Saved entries
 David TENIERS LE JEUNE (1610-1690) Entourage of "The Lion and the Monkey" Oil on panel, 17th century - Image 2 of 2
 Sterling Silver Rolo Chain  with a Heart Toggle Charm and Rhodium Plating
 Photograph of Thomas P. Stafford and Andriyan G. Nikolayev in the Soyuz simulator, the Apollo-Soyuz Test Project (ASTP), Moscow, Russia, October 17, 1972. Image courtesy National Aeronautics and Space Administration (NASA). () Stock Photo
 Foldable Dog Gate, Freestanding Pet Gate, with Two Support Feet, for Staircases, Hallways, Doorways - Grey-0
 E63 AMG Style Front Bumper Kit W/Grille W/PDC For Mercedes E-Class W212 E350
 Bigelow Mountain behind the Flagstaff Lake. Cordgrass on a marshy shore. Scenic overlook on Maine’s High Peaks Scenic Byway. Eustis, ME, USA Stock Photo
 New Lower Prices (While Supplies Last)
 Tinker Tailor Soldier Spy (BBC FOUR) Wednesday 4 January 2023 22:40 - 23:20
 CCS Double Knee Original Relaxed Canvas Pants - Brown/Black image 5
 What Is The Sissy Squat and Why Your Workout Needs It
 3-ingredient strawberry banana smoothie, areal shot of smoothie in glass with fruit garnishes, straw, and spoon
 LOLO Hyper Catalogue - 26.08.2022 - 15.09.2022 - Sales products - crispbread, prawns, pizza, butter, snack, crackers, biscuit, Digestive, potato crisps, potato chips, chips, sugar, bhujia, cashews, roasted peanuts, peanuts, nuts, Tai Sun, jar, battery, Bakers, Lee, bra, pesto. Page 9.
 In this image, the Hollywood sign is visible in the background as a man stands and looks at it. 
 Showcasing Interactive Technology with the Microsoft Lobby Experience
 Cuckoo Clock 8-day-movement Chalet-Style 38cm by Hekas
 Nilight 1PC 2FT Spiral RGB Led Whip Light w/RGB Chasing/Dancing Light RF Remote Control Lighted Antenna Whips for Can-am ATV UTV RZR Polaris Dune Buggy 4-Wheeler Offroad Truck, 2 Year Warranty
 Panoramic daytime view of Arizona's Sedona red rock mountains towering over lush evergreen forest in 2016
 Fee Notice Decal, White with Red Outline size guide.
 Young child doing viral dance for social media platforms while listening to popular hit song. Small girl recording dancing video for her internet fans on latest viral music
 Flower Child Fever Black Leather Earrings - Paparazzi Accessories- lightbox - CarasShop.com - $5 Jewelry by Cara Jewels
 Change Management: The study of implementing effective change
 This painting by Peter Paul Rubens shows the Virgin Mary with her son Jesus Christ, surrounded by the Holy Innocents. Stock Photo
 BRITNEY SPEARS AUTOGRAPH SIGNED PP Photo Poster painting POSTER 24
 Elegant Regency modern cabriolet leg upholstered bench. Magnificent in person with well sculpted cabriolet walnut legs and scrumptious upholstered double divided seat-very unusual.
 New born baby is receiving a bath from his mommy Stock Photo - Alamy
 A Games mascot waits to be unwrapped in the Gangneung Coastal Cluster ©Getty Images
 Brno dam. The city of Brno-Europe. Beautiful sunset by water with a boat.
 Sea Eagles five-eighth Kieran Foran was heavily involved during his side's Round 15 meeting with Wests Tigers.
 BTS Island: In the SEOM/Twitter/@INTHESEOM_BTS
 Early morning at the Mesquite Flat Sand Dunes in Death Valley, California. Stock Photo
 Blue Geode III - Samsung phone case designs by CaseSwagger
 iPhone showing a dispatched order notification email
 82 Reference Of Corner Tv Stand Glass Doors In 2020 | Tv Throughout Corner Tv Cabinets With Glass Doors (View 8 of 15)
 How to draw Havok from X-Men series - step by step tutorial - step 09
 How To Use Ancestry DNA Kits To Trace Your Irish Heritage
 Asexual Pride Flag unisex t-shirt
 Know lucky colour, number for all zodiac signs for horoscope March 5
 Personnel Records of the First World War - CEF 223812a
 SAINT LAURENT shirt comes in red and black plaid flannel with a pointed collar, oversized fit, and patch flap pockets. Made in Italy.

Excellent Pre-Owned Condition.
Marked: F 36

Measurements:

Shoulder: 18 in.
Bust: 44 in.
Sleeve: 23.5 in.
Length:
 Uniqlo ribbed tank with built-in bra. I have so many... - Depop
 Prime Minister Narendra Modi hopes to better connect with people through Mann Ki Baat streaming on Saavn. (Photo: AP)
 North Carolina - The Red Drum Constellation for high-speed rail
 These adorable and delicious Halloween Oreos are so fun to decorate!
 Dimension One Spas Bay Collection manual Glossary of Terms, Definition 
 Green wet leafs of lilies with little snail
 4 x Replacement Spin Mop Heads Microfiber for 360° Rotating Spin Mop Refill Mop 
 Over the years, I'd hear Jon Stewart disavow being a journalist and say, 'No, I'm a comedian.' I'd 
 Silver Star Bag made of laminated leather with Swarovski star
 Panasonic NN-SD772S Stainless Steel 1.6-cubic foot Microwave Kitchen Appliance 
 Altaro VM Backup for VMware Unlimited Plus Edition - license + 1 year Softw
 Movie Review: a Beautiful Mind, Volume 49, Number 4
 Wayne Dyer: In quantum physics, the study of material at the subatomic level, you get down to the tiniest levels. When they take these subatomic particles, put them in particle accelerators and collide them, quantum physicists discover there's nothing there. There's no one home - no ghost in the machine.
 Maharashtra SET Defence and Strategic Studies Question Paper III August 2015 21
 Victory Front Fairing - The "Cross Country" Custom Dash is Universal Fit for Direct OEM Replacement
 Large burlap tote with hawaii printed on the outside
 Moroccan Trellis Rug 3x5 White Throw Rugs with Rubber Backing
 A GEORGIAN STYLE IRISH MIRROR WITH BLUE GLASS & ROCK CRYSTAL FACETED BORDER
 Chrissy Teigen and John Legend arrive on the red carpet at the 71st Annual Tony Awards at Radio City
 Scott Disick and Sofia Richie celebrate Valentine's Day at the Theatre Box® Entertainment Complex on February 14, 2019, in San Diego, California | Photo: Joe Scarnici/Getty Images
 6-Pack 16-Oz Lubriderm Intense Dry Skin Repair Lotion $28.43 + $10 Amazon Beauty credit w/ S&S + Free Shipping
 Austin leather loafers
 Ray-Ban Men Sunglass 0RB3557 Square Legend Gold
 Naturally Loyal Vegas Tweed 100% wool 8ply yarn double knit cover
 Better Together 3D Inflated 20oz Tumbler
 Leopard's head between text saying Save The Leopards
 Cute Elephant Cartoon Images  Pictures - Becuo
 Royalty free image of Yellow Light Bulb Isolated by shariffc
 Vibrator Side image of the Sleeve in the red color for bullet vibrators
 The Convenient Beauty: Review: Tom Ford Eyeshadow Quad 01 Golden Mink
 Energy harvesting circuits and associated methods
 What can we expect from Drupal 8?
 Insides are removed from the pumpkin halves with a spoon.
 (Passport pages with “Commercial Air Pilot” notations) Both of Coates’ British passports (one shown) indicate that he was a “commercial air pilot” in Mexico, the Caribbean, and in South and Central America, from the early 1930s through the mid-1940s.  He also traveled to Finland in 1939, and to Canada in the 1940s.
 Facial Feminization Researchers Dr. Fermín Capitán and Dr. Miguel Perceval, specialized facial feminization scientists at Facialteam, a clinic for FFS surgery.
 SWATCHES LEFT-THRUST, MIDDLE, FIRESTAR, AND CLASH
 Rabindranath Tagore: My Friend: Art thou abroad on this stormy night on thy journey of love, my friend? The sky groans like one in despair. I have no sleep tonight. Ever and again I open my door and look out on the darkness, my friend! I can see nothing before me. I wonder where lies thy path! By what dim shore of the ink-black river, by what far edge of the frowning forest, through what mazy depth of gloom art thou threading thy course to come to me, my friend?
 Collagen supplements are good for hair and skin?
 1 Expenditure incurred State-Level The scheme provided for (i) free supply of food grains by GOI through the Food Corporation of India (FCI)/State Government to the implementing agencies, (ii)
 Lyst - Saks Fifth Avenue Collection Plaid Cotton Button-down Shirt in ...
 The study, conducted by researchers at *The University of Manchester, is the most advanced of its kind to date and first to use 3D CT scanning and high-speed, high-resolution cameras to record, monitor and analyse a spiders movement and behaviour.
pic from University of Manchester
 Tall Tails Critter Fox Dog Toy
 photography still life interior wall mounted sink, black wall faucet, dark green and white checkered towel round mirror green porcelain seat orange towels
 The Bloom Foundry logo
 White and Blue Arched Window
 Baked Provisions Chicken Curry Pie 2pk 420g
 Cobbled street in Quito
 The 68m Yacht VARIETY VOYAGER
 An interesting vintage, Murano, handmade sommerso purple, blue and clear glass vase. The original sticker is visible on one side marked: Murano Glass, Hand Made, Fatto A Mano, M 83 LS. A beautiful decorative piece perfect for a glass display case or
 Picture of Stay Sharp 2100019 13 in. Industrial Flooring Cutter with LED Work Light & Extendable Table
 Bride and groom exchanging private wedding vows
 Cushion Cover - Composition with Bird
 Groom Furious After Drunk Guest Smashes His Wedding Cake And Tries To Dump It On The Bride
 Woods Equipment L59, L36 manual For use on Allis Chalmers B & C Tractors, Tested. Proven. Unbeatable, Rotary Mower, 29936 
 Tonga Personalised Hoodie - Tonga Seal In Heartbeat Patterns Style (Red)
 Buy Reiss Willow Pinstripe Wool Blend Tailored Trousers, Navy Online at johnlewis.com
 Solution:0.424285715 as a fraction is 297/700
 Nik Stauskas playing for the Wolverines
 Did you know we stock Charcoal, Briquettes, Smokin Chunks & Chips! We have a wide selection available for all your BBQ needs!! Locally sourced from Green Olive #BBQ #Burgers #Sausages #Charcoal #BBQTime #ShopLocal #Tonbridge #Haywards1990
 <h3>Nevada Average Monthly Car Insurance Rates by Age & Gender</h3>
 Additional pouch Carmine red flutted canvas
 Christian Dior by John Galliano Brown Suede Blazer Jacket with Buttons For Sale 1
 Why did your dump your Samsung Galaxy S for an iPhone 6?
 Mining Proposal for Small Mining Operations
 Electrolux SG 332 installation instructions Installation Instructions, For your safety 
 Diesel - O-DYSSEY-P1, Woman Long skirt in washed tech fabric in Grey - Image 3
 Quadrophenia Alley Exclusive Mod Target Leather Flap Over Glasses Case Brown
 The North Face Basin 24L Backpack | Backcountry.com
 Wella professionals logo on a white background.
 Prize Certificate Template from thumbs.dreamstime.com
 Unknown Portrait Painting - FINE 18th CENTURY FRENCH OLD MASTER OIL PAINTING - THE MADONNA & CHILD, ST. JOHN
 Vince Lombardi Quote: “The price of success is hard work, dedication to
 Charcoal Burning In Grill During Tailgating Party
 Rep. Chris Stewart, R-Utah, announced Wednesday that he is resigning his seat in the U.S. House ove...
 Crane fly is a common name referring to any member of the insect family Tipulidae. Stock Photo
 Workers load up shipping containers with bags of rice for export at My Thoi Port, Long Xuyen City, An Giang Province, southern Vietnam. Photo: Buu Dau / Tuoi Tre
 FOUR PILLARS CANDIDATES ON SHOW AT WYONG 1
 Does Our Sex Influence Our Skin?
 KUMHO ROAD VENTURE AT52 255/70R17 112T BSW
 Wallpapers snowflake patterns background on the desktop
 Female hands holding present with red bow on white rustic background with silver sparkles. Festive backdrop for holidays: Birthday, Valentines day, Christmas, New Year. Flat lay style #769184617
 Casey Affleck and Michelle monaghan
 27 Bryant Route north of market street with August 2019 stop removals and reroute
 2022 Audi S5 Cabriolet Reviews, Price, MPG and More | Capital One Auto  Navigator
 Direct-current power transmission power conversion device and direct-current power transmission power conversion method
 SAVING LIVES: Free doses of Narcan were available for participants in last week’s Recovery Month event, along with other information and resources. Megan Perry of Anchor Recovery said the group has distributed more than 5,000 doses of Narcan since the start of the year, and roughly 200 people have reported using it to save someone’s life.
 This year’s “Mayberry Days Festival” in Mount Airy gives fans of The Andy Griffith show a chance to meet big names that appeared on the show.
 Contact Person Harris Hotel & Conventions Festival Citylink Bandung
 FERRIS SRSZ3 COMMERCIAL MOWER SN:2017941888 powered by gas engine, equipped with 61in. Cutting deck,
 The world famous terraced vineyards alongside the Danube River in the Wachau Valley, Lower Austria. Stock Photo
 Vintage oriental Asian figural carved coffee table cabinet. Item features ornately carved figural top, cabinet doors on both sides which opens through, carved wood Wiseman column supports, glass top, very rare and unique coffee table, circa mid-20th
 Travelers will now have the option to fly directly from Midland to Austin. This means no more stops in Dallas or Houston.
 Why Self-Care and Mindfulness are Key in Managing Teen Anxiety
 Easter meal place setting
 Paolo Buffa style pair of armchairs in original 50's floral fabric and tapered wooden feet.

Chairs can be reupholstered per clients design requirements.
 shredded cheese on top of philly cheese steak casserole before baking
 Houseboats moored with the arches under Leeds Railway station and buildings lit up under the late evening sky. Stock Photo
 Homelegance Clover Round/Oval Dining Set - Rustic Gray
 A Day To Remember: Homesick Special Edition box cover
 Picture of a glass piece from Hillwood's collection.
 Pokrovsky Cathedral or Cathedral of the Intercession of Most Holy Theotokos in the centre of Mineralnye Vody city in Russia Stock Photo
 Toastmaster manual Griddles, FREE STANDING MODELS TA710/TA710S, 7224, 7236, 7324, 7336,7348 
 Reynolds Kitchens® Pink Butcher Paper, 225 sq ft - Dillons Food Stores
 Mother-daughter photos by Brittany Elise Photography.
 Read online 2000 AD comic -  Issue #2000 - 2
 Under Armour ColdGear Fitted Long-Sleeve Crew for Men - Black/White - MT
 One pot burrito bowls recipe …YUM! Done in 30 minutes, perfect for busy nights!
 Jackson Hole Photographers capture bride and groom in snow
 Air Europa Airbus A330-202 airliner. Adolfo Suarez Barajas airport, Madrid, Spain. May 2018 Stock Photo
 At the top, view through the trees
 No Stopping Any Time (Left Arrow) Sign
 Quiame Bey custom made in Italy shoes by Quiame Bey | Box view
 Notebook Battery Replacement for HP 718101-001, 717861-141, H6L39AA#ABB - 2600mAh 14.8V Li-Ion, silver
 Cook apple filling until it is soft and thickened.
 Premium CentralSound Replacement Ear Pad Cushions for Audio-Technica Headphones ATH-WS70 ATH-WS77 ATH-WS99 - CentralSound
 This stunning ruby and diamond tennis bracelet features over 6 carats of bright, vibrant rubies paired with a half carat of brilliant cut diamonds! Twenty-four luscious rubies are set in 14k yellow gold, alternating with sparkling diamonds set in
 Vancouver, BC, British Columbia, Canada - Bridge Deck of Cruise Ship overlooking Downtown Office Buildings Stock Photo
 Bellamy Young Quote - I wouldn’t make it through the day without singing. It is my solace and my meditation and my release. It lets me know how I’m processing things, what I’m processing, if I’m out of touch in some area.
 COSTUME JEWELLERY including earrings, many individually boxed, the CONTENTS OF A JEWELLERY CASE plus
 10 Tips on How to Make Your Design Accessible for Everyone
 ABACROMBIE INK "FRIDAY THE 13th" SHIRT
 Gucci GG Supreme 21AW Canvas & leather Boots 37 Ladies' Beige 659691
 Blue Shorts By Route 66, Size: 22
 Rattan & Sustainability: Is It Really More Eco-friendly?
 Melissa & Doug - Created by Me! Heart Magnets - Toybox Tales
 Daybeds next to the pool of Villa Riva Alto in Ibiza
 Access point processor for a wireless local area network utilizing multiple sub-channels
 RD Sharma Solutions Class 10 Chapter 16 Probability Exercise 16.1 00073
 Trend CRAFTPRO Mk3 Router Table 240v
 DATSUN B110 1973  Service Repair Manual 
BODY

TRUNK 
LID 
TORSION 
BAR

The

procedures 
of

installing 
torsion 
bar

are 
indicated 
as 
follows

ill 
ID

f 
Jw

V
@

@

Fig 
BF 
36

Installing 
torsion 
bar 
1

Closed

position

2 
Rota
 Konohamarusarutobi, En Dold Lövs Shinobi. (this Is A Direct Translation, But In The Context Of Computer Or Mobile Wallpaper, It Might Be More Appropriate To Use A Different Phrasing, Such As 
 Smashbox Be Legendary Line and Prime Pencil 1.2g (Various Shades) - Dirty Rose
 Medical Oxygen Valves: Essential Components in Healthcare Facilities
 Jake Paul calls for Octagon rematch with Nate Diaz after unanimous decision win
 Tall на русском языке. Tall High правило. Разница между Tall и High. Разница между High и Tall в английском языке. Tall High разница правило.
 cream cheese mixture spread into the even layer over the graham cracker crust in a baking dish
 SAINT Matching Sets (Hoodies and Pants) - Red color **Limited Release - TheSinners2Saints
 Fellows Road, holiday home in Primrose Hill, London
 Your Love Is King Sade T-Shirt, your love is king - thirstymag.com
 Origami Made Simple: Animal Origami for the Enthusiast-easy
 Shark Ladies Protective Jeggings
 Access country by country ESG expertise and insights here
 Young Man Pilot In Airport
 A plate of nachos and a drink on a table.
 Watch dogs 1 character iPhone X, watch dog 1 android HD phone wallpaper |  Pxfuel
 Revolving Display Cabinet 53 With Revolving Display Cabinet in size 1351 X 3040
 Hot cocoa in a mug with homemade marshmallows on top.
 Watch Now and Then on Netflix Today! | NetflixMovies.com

▸ About this exercise
Look above for the line with "Direct-current power transmission power conversion device"; retype exactly that line, every line after it up to the line with "The world famous", and that line too, nothing else.

▸ Result for this exercise
 Direct-current power transmission power conversion device and direct-current power transmission power conversion method
 SAVING LIVES: Free doses of Narcan were available for participants in last week’s Recovery Month event, along with other information and resources. Megan Perry of Anchor Recovery said the group has distributed more than 5,000 doses of Narcan since the start of the year, and roughly 200 people have reported using it to save someone’s life.
 This year’s “Mayberry Days Festival” in Mount Airy gives fans of The Andy Griffith show a chance to meet big names that appeared on the show.
 Contact Person Harris Hotel & Conventions Festival Citylink Bandung
 FERRIS SRSZ3 COMMERCIAL MOWER SN:2017941888 powered by gas engine, equipped with 61in. Cutting deck,
 The world famous terraced vineyards alongside the Danube River in the Wachau Valley, Lower Austria. Stock Photo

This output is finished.